What you should do: Begin at the line containing "You are currently" in the records below, end at the line containing "Decolore 3 Pack", and retype each line in that span exactly. No other line and no image should appear.

(Supplied records begins)

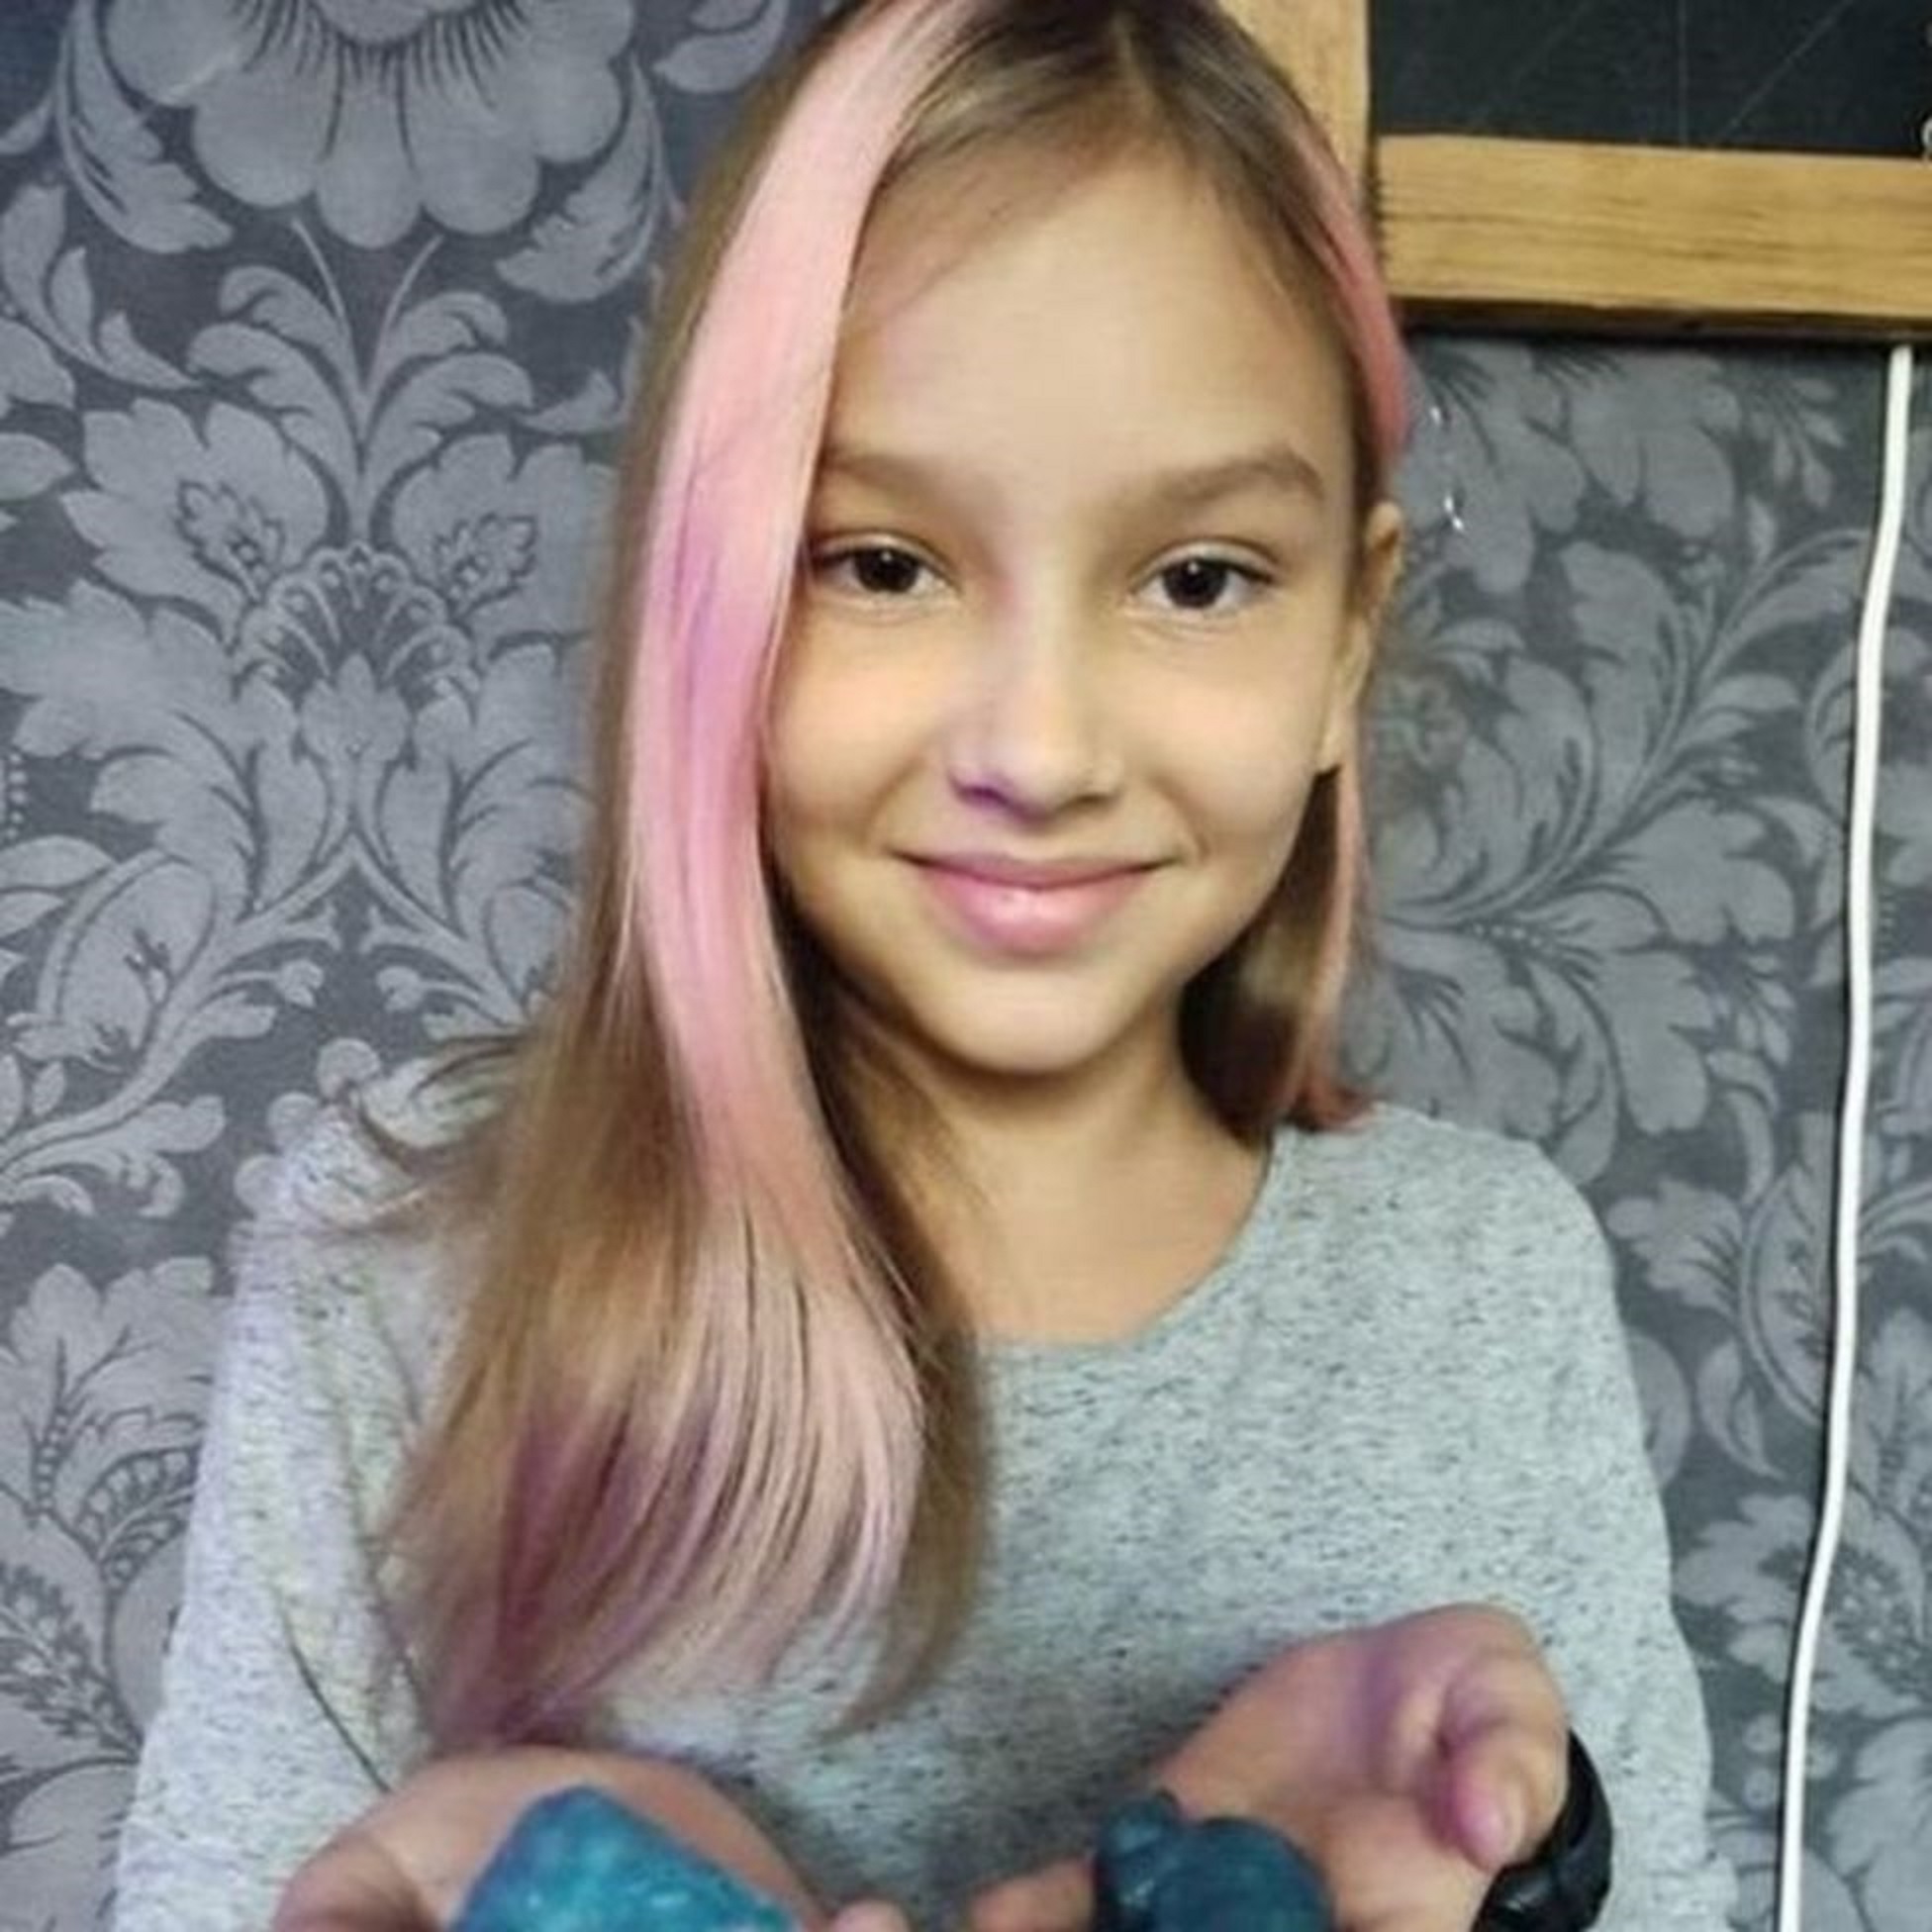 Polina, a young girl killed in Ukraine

(Supplied records ends)
(Supplied records begins)

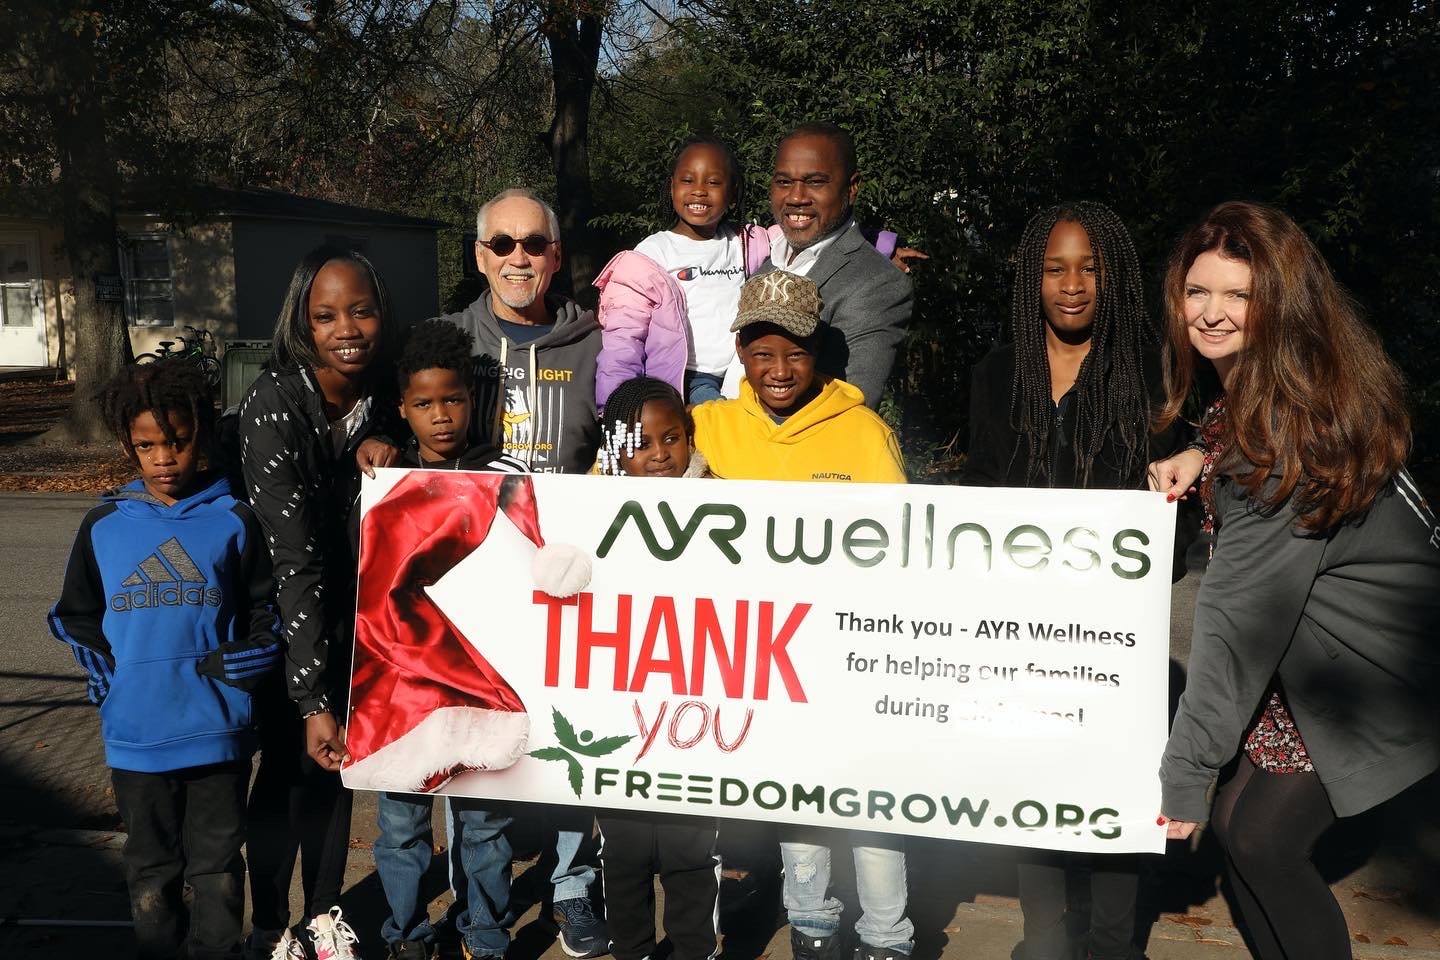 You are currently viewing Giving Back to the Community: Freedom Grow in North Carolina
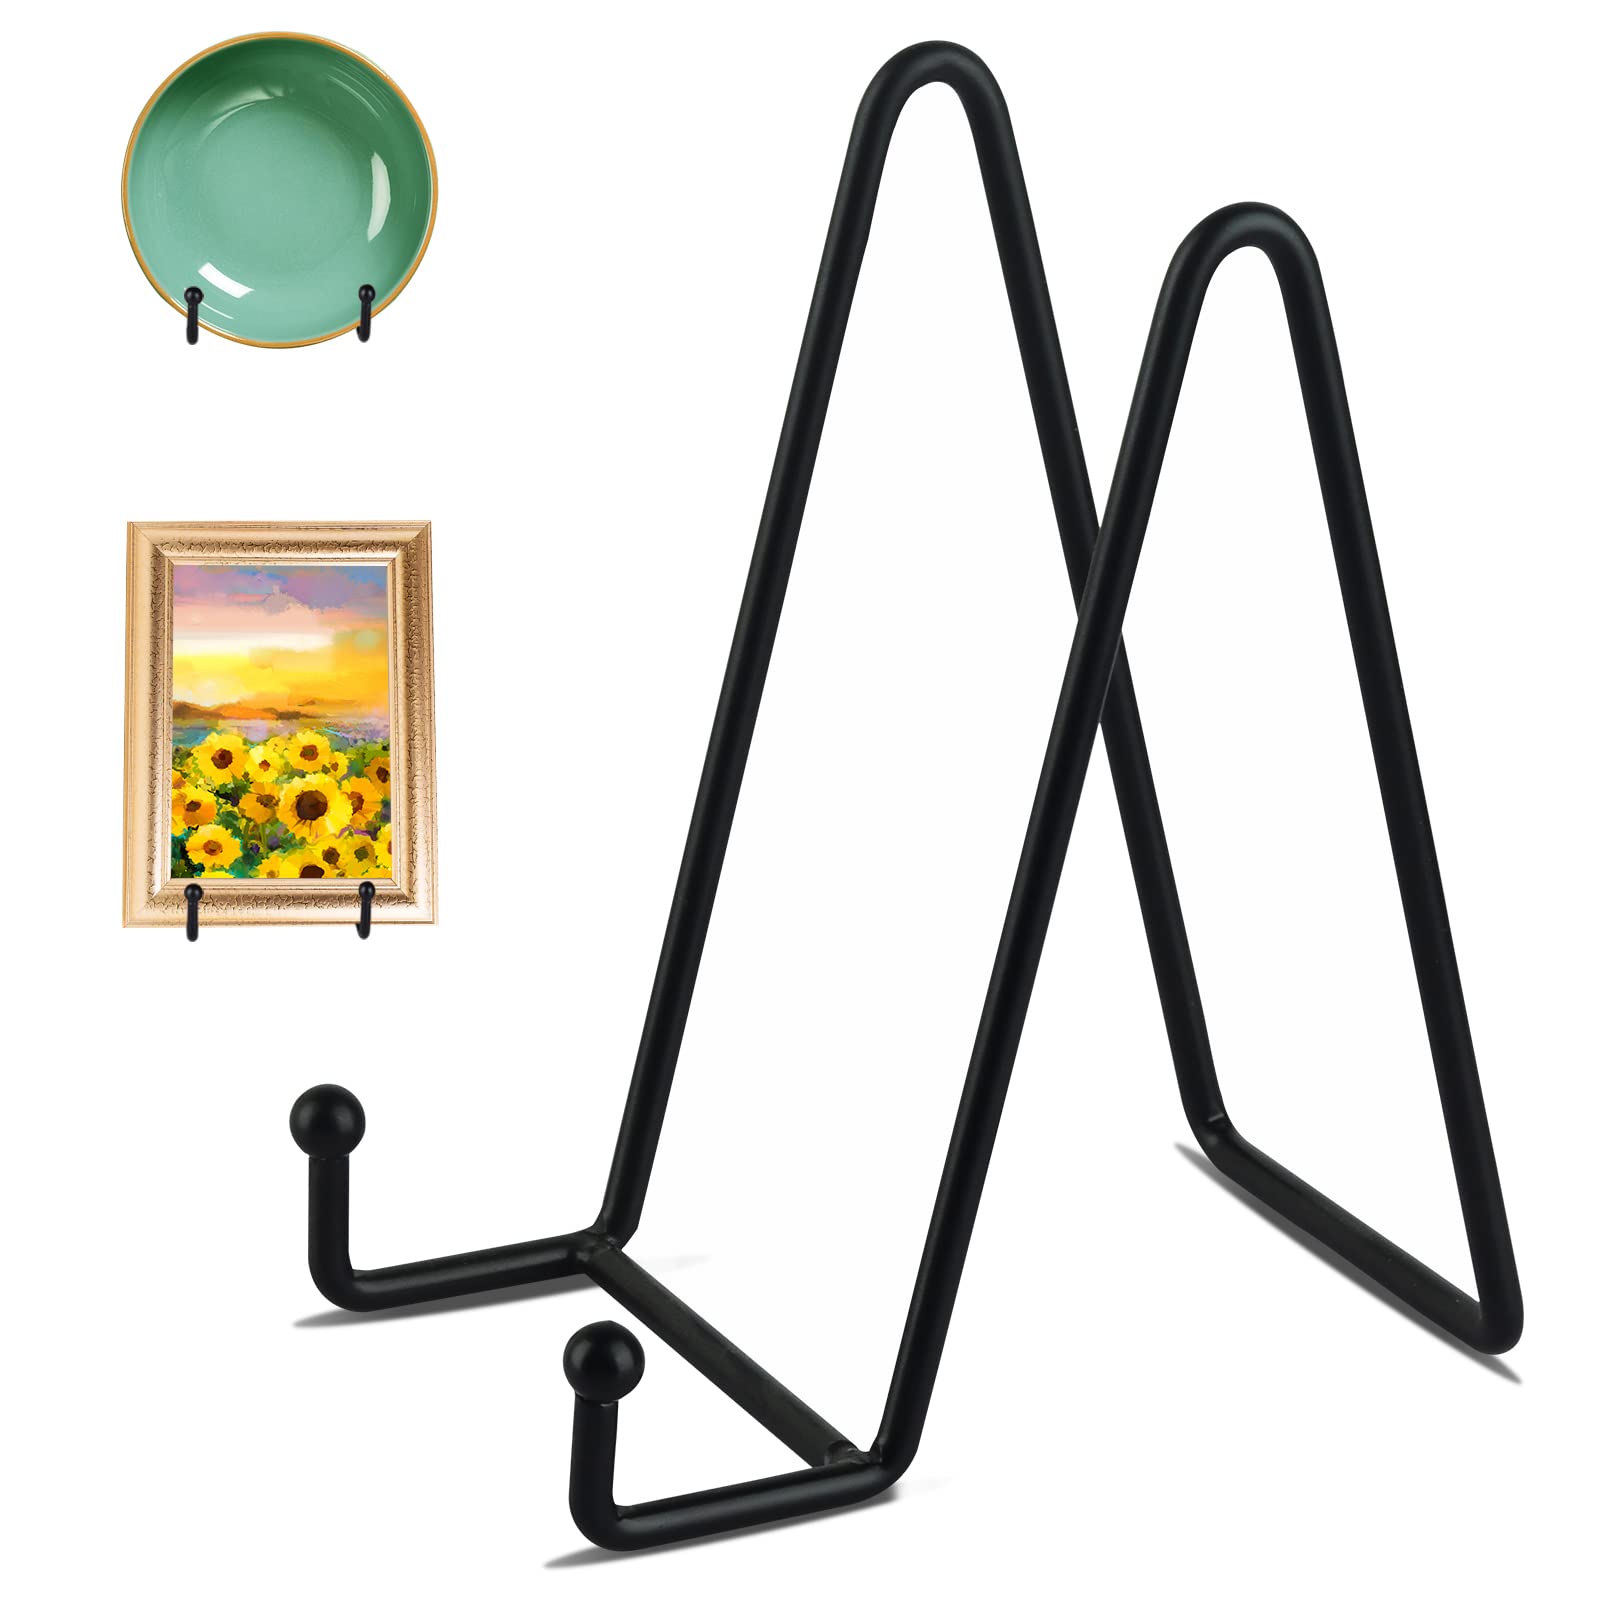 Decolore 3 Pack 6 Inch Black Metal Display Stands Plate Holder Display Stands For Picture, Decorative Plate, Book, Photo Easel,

(Supplied records ends)
(Supplied records begins)

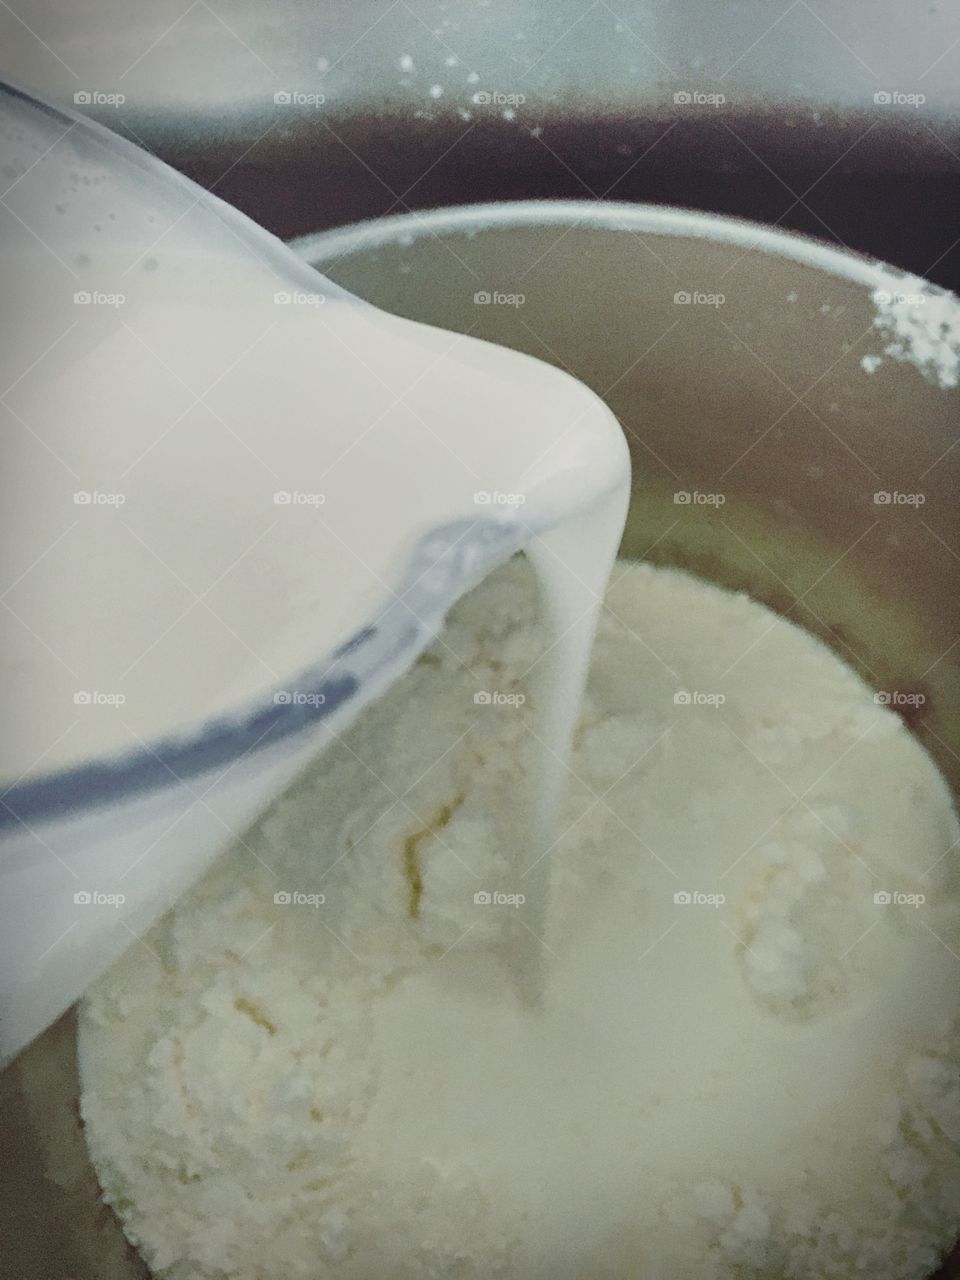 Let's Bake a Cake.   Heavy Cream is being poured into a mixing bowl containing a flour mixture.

(Supplied records ends)

Solution for this problem:
 You are currently viewing Giving Back to the Community: Freedom Grow in North Carolina
 Decolore 3 Pack 6 Inch Black Metal Display Stands Plate Holder Display Stands For Picture, Decorative Plate, Book, Photo Easel,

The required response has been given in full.